Exercise objective — As soon as the line containing "Shopymommy 13127 Strappy" appears in the material below, start returning lines exactly, and end with the line containing "Handmade Papier CD".
[[ Exercise data, beginning ]]
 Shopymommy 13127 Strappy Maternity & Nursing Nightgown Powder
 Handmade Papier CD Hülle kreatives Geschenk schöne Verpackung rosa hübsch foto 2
[[ Exercise data, end ]]
[[ Exercise data, beginning ]]
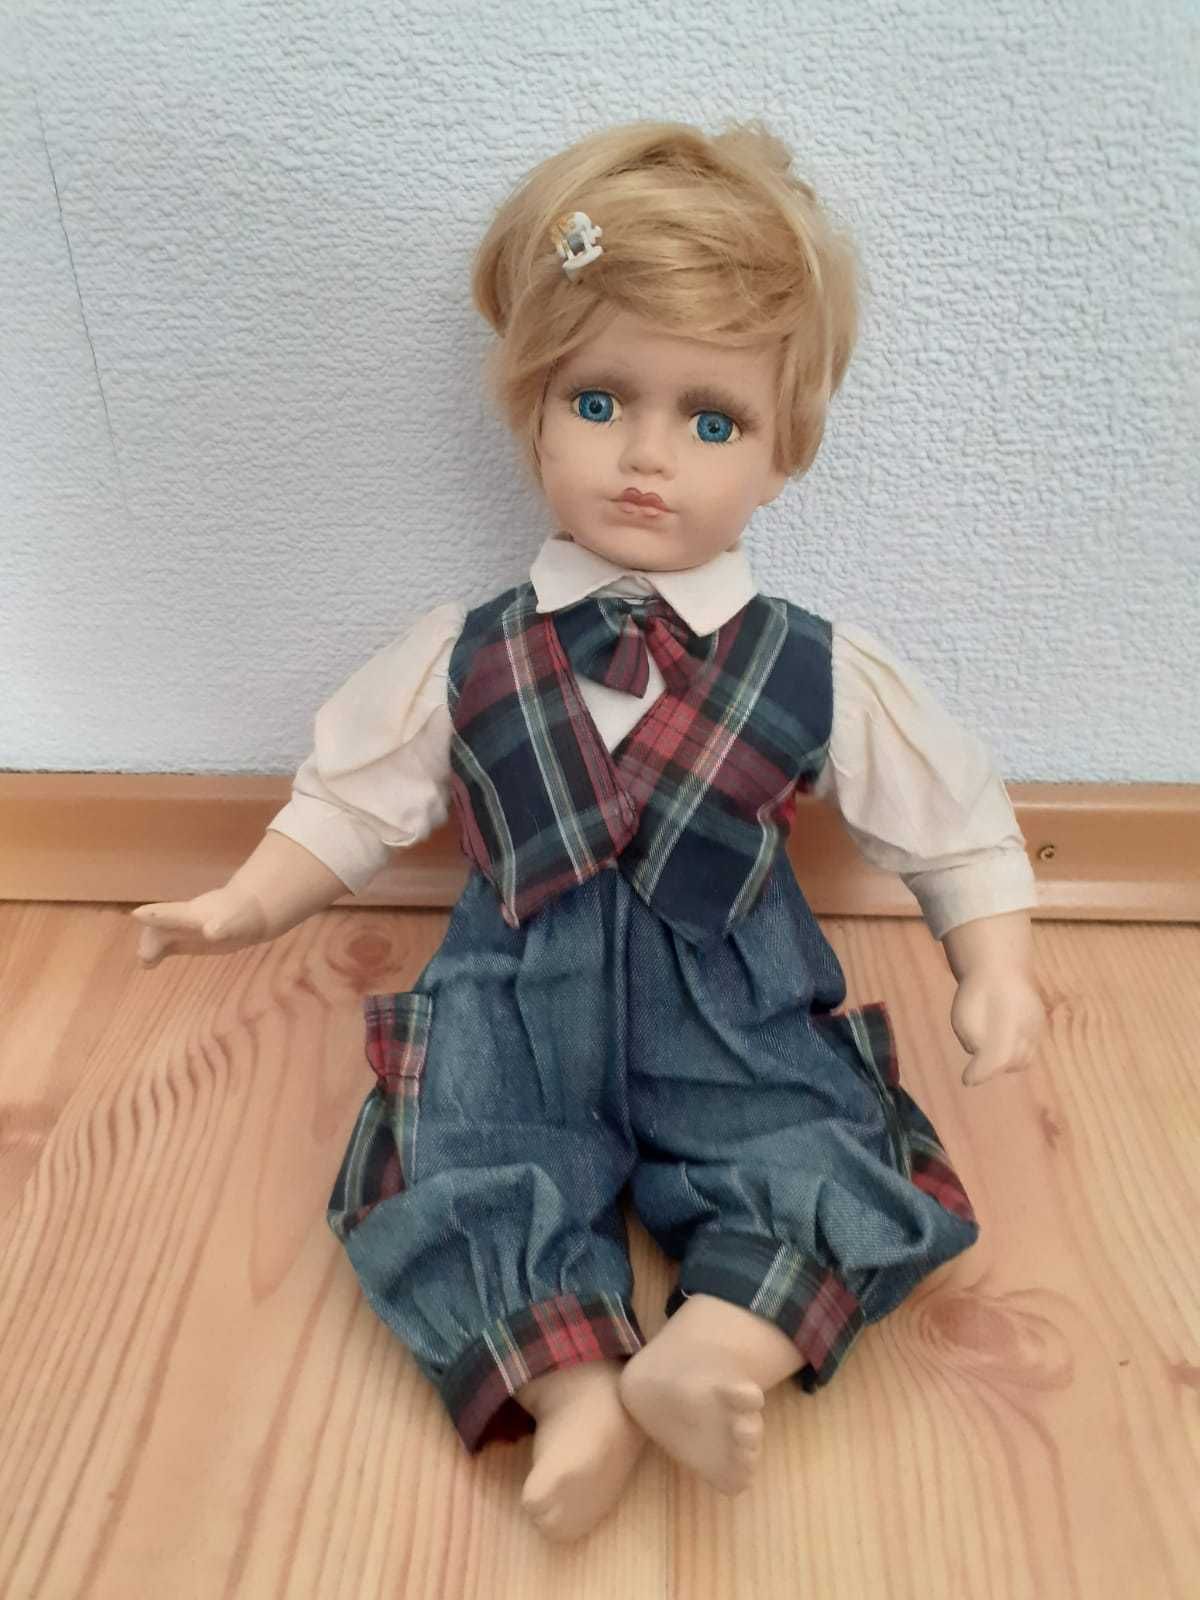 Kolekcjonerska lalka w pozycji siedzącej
[[ Exercise data, end ]]
Exercise result —
 Shopymommy 13127 Strappy Maternity & Nursing Nightgown Powder
 Handmade Papier CD Hülle kreatives Geschenk schöne Verpackung rosa hübsch foto 2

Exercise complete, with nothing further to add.